Thursday, 24 June 2010

A Party of the Unemployed?

The Left has a problem. If one more "socialist" appears on TV complaining about the plight of people on benefits, I might do something silly.

Now before I get torn to pieces and denounced as a "reformist, revisionist, anti worker, naive, patronising, never been there, doesn't understand the problem class traitor" let me explain.
It is hard, very hard, surviving on our pitiful welfare state. The Daily Mail dross about claimants with twenty "disabled" immigrant kids living in million pound mansions is nothing more than propaganda. But the response of much of the Left to the recent budget has been to focus solely on the "poor people living on £65 a week who not only are seeing benefits frozen or reduced, but will also be hit hardest by a VAT rise". Now I'm not saying this isn't true, but this strategy does nothing to solve the problem.

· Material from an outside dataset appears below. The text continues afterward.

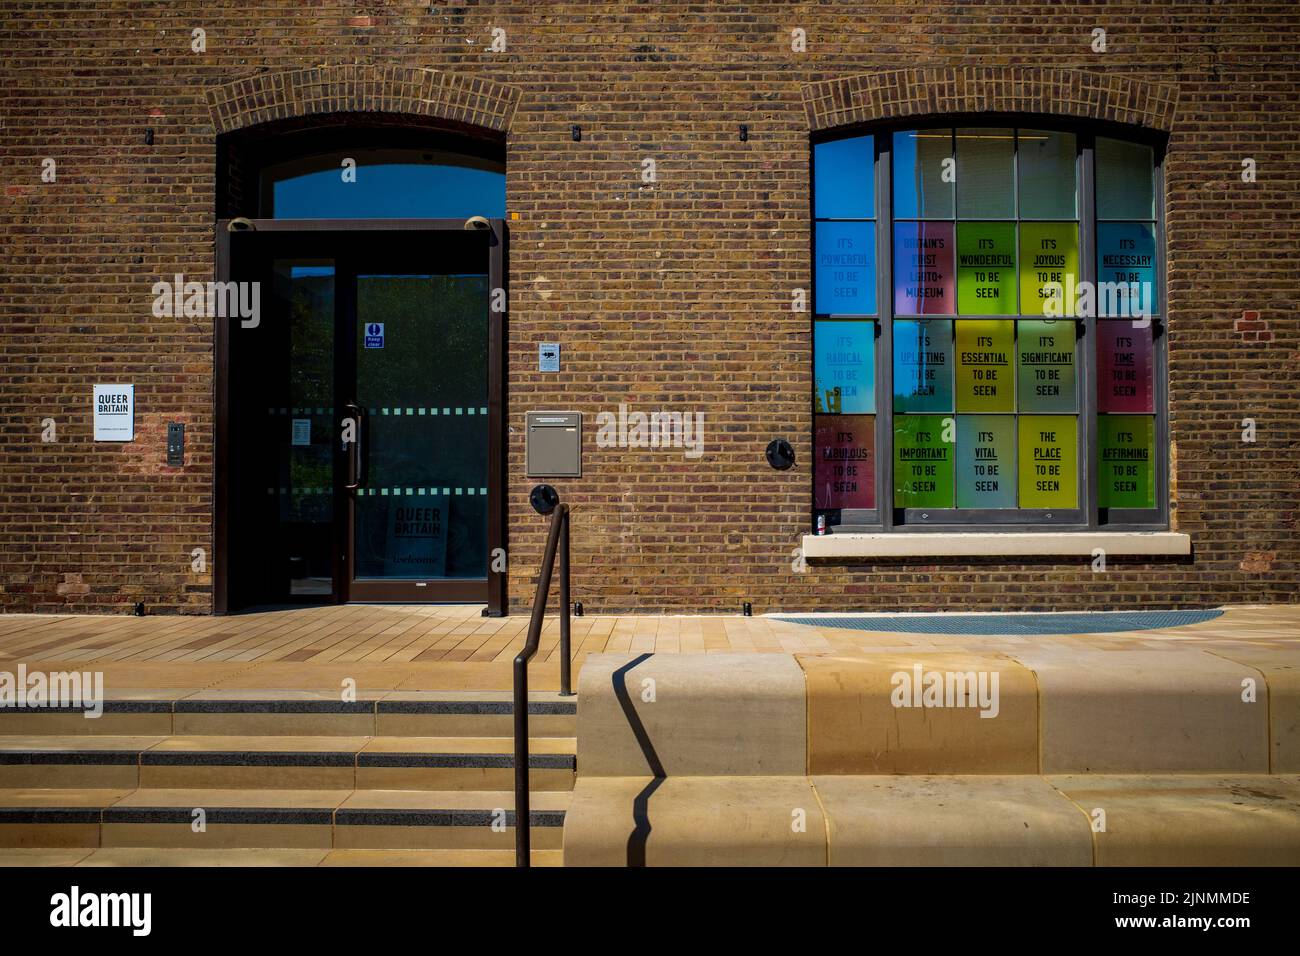 Queer Britain Museum London. Queer Britain is a museum of British LGBTQ history and culture at 2 Granary Square Kings Cross Central London. Open 2022. Stock Photo
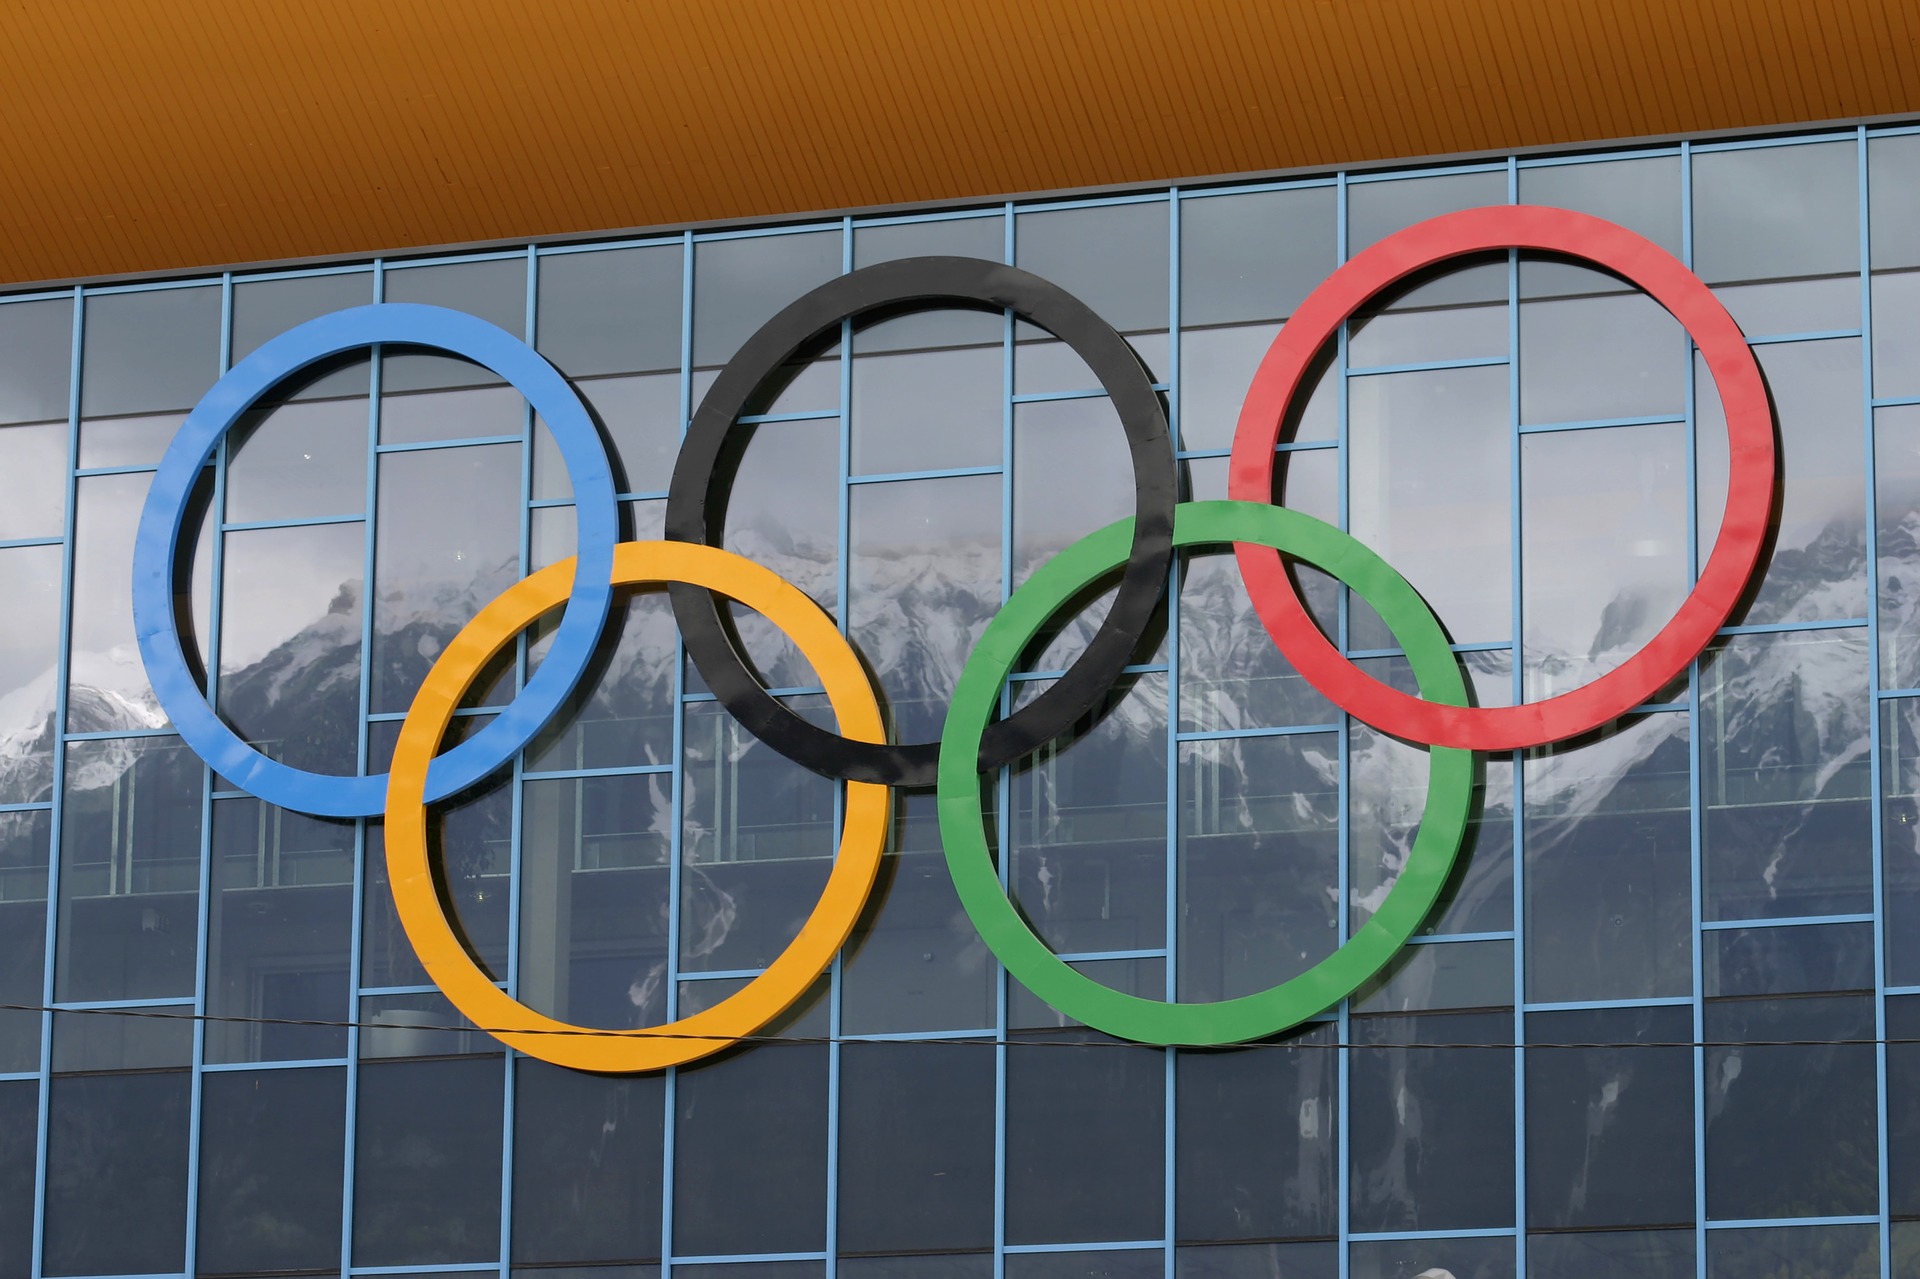 Why there are 5 rings in Olympics? | Fan Arch

Firstly, all the media has to do his throw out spurious examples of people cheating the system, and for those who aren't, well they just have to get a job. Get a job! If only it was that easy.

More importantly the current dialogue does nothing to win over the rest of the population. It is all too easy for a private sector worker, especially those on low pay, to side with the demonisation of those on benefits, or the slur on those in the public sector. (Although I'm still unsure how a bin man's pension is "gold plated")

Until the working population of this country sees tax as a civil duty rather than state theft, until they see the state as part of their collective power, rather than a welfare system for those who can't look after themselves, nothing will change.

The tactics of the Left are merely compounding the agenda of the Right. The more we campaign for the unemployed, the easier it is for us to be knocked back with the "get a job argument".

The Left must not fall into the trap of only defending people on benefits. And although it pains me to say it, the Trade Unions must  not only campaign for the protection of their members' jobs.

The next step in the current agenda will be the privatisation of Royal Mail. The government will simply say "we're selling it because we can't afford it" and the middle class will love them for it.

So what does all of this mean? What exactly am I trying to say?

Until the Left becomes a movement of WORKERS, no matter what their pay;
Until the Left shows that there is an alternative way to run an economy;
Until the Left shows the benefits of state ownership for everyone;
Until the Left reaches out to the whole population;

Well, until then, the left seems destined to become a campaign group for the unemployed and for public sector pensions.